Re: Improve pg_sync_replication_slots() to wait for primary to advance
Ajin Cherian <itsajin@gmail.com>
From: Ajin Cherian <itsajin@gmail.com>
To: shveta malik <shveta.malik@gmail.com>
Cc: Ashutosh Bapat <ashutosh.bapat.oss@gmail.com>,
Japin Li <japinli@hotmail.com>, Ashutosh Sharma <ashu.coek88@gmail.com>,
Amit Kapila <amit.kapila16@gmail.com>, PostgreSQL mailing lists <pgsql-hackers@postgresql.org>
Date: 2025-12-03T03:21:35Z
Lists: pgsql-hackers
Commits
Same data as JSON:
GET /api/v1/messages/:b64id/commits
the thread's linked commits as JSON, with link sources.
API reference →
-
Enhance slot synchronization API to respect promotion signal.

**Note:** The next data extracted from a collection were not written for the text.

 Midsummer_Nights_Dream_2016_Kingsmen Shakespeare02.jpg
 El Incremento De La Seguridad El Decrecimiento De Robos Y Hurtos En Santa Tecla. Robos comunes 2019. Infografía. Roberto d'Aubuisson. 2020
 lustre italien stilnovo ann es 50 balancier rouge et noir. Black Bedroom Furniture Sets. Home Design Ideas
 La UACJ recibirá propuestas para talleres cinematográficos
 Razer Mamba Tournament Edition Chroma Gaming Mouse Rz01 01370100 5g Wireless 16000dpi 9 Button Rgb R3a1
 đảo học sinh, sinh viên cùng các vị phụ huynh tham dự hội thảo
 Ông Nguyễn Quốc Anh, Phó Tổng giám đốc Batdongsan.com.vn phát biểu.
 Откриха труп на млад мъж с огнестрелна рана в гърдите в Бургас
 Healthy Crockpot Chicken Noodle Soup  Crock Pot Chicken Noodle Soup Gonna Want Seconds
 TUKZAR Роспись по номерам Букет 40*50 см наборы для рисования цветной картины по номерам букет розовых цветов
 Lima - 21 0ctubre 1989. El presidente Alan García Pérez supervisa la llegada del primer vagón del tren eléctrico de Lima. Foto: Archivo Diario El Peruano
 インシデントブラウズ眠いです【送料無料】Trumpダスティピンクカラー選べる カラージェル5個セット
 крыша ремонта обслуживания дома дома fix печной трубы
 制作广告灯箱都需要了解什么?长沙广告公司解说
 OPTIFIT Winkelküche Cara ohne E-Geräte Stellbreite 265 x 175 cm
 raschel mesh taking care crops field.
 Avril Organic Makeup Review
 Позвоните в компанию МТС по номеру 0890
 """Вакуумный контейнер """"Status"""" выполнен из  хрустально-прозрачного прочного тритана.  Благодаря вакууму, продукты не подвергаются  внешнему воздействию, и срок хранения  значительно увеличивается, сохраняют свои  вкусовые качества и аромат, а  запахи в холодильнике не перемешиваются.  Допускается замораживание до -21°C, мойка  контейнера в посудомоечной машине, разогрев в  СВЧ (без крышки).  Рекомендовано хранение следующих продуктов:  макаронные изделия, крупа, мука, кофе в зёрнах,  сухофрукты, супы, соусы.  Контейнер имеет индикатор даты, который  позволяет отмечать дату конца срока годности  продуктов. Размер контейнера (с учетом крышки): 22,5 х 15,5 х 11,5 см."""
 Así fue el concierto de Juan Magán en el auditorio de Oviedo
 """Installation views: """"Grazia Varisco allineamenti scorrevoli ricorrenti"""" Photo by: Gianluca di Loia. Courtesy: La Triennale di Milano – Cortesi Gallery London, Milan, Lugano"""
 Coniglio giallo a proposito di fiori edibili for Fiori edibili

- 4bed04d39566 17.10 landed
- 94efd308bcec 18.4 landed
- 1362bc33e025 19 (unreleased) landed
-
Fix inconsistent elevel in pg_sync_replication_slots() retry logic.
- f1ddaa15357f 19 (unreleased) landed
-
Refactor slot synchronization logic in slotsync.c.
- 788ec96d591d 19 (unreleased) landed
-
Fix intermittent BF failure in 040_standby_failover_slots_sync.
- b47c50e5667b 19 (unreleased) landed
-
Add retry logic to pg_sync_replication_slots().
- 0d2d4a0ec3ec 19 (unreleased) landed
-
Fix LOCK_TIMEOUT handling in slotsync worker.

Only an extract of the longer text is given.